Поэтому каждый раз, когда Комаров уезжает на день, а пропадает на недельку, мне ничего не остается, как доставать китайские гексограммы или исландские руны и спрашивать у потусторонних сил: "Что же мне делать-то?!"
На этот раз китайские духи ответили вообще что-то похоронное, а вот исландские уклончиво предложили оценить стоимость потери. По силе переживания, как уже додумала я сама.
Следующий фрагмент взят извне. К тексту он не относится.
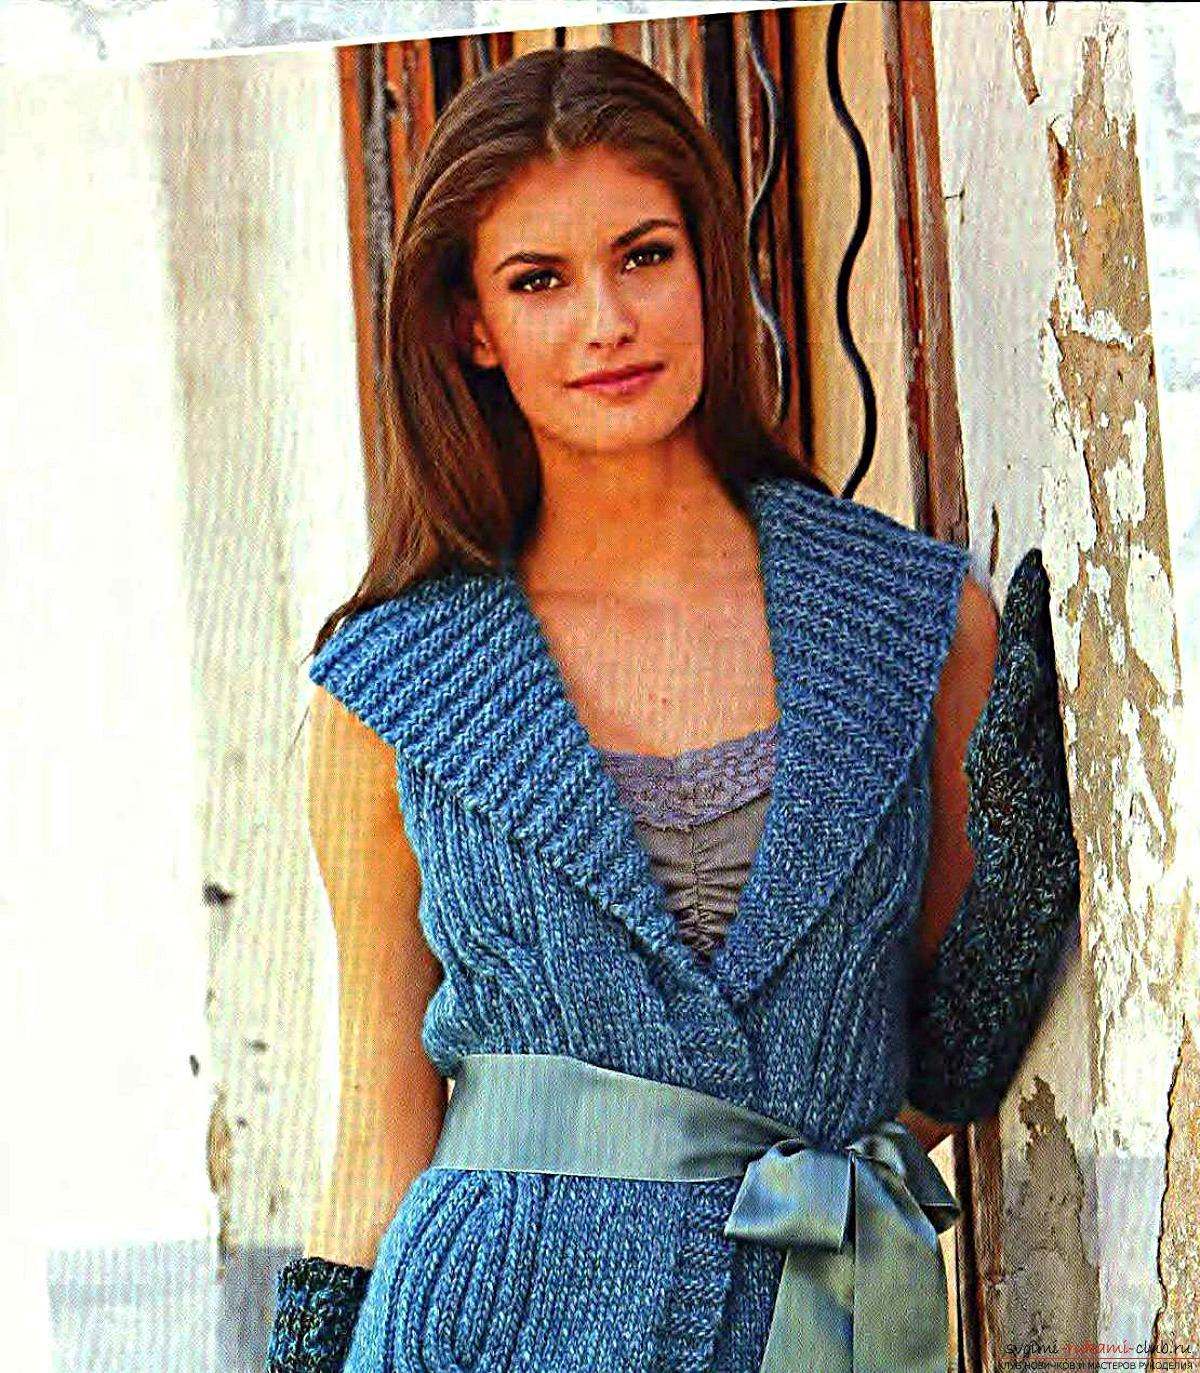 вязаный голубой жилет для женщин с узором из кос. Фото №7

Я оценила и не швырнула ему в лицо новогодние подарки одиннадцатого января, когда напившаяся и нагулявшаяся страна, вздрогнув с утра, с трудом вылезла наконец на работу, чтобы поделиться - кто, где и как покатался на лыжах-санках, сколько съел и сколько раз проснулся, не помня, кто он такой.
Рассказывать мне было нечего, потому что я проревела дома десять дней, ожидая, что он позвонит и приедет. Я не могла поверить, что он так и не появится - после нашей встречи перед Новым годом. А было это так.
Особенно остро ощущая на этот раз конец года, как завершение какого-то таинственного цикла моей жизни, я решила прожить следующий год по-новому и для начала в кои-то веки раз провести праздник без слез и с ним в канун Нового года не встречаться.
Комаров искал меня целую неделю. Звонил мне по пятнадцать раз в день, даже решился позвонить моей маме и очень просил меня разыскать… Я слушала-слушала его сообщения на автоответчике, и сердце мое дрогнуло. Наверно, не просто так он меня ищет, решила я. И пошла с ним в ресторан "Дядя Ваня".
Мы сидели, слушая скромный джаз-квартет. Комаров быстро съел большую тарелку горячего, вытер рот жесткой льняной салфеткой, долго, аккуратно складывал ее уголок к уголку, потом бросил на стол. Покачался на стуле, глядя на меня со странным выражением, и вдруг сказал:
- Да-а-а… Мы с тобой не можем друг без друга… Это ясно…
Я замерла. Господи, неужели?.. Вот он все мне сейчас и скажет, в канун Нового года, когда так хорошо подводить итоги и решаться на самые ответственные поступки…
- Да… - продолжил он. - Мне ведь что надо? Чтобы меня встретили дома, покормили, обласкали… Полечили, если что… А я посмотрю футбол и побегу опять деньги зарабатывать…
Я молчала, боясь спугнуть его, и только чувствовала, как сильно и быстро стучит в груди сердце. Он тоже замолчал, взял меня за руку, подержал, потом отпустил и добавил:
- Правда, мама у меня не сахар… Но ведь она далеко…
На этом эпохальный разговор как-то сам по себе увял. Но я услышала главное - похоже, он подбирается к тому, чтобы сделать очень важный шаг. Это ведь так непросто для любого мужчины… Это требует размышлений и смелости. Попрощаться с той самой страной, где под подушкой лежат носки, а под диваном сохнет таранька…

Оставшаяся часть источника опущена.